The hatch of the Falcon 20 cargo jet opened, a member of the honor guard walked to the side of the plane. Wolverton’s casket, draped with the flag, was escorted by a member of his unit.

At Brentlinger’s signal, a black hearse pulled into position.

Wolverton’s casket was lowered from the plane onto a stand. The honor guard surrounded the casket and escorted it to the hearse, as family members wiped away tears.

Wolverton received an associate’s degree in 2008 from Moorpark College. Cultural anthropology sparked his interest and he hoped to major in the subject, Christopher Wolverton said.

In high school, his son ran track, specializing in hurdles but also participating in relays and sprints. As a child he spent six years playing baseball in the Agoura Pony League. While Wolverton attended Moorpark College, he returned to Oak Park High School as an assistant track coach.

A number of Wolverton’s friends told his parents how charming he was. His former track coach told his mother that her oldest son acted mature for his age. To his parents, Wolverton was a typical teenager. His mother joked with him, asking why he didn’t turn on the charm at home.

Wolverton also loved video games, often playing them with his younger brother.

“He was mostly like a friend to me,” Michael said.
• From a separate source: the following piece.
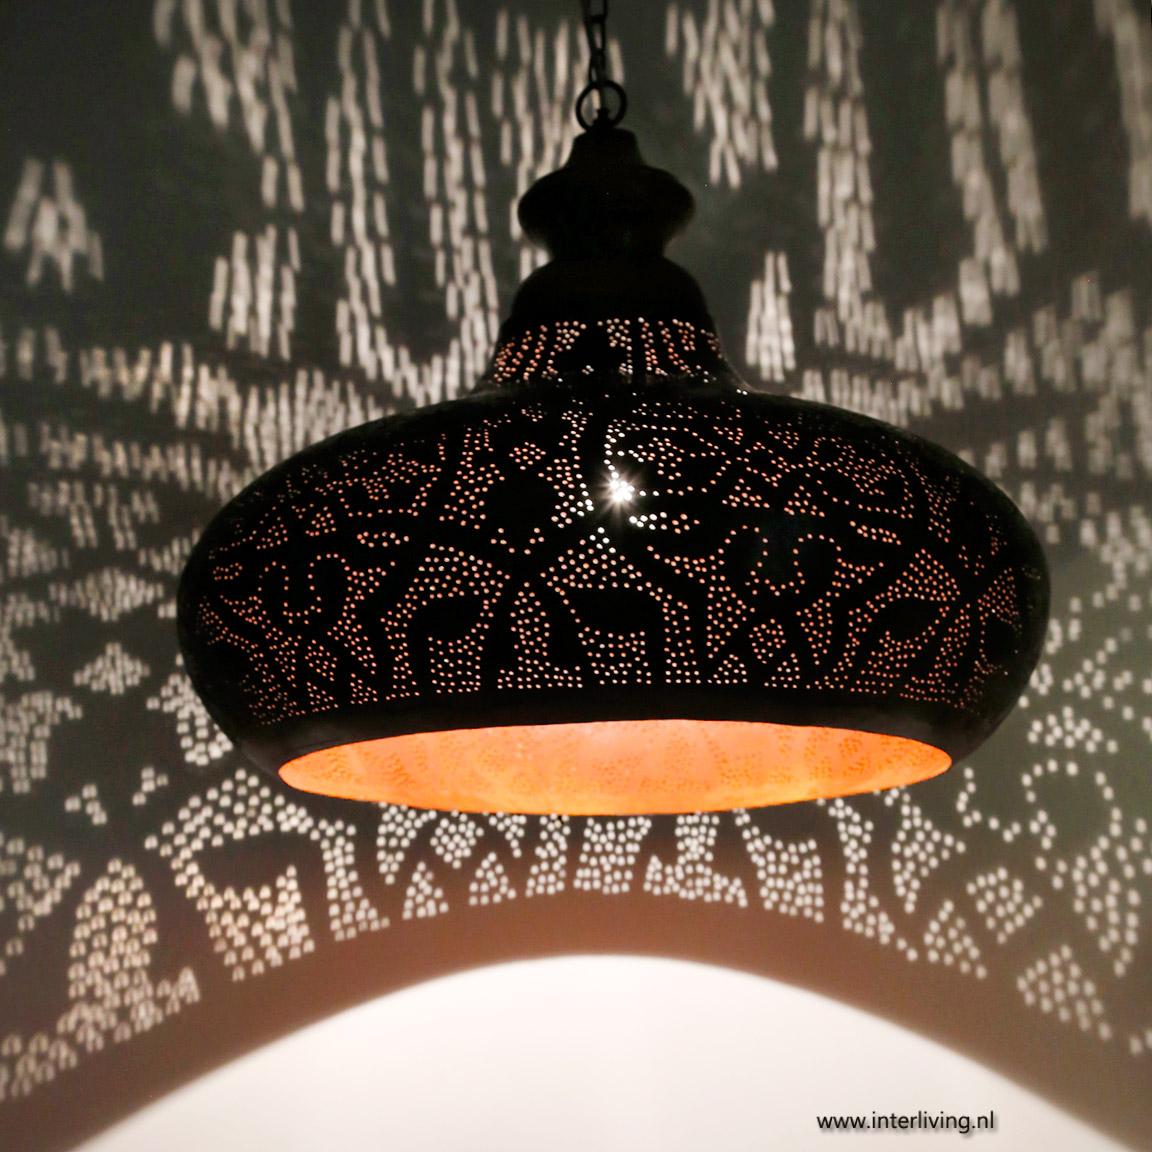 Industriële hanglamp met oosterse twist en hout - roest,zwart,goud
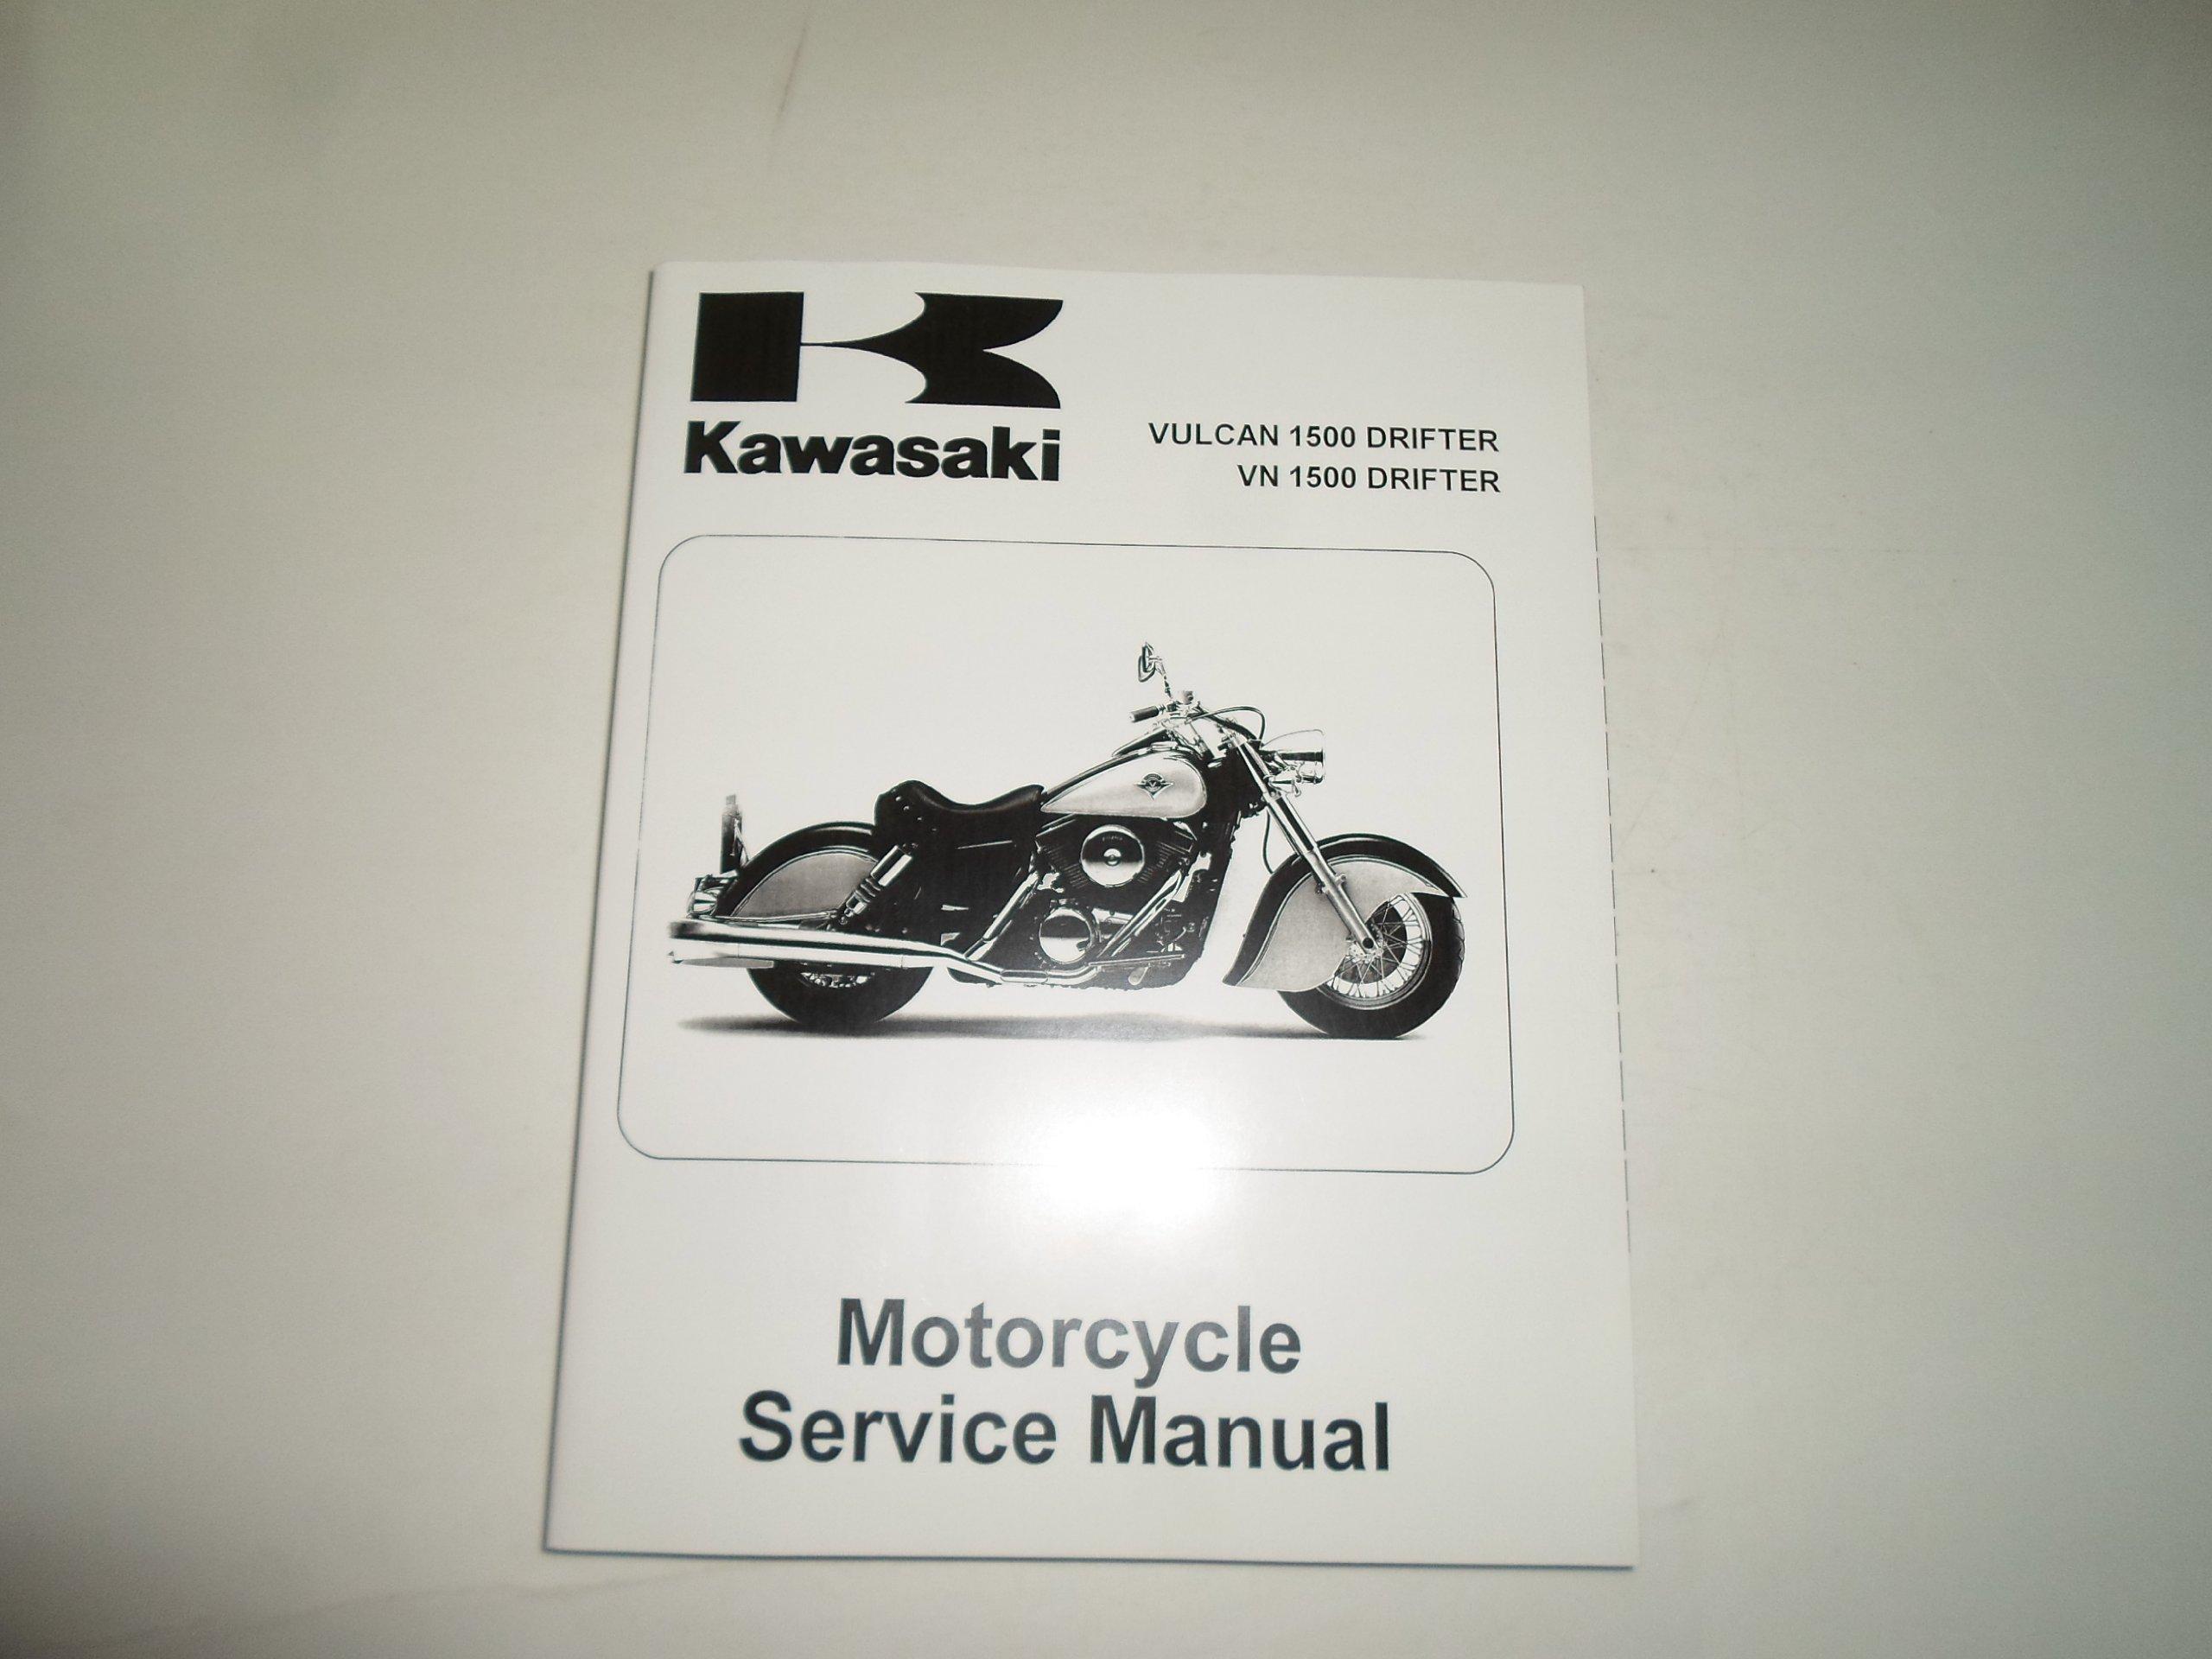 2001 2002 Vulcan 1500 Drifter VN1500 Drifter Motorcycle Service Manual:  KAWASAKI: Amazon.com: Books

The family would travel to Mammoth Mountain once or twice a year to ski.

“Brian had gotten quite good over the years,” Christopher Wolverton said. “He could zip down anything.”

Wolverton was a fourth-generation member of the military. Although his father, grandfather and great-grandfather served, Wolverton’s announcement of joining the military one day in January came as somewhat of a surprise. He had talked about it casually.

He reported for basic training at Fort Benning in Georgia.

“I was very proud of him,” Christopher Wolverton said.

Escort of Patriot Guard Riders

Once the casket was placed in the hearse, military personnel snapped into a salute as civilians placed their right hands over their hearts. Brentlinger escorted the Wolverton family to the hearse. The black limousine would take them to Pierce Brothers Valley Oaks Memorial Park.

Outside the aviation facility, members of the Patriot Guard Riders put on their helmets and prepared for the procession. The group was invited by the family to participate. Craig “Gunney” Donor, the chapter’s captain, said the group was happy to be of service to the families of fallen soldiers and to show their respect.

“They are never easy,” Donor said of the processions. “It’s very emotional for us whenever we see a young person’s life cut short.”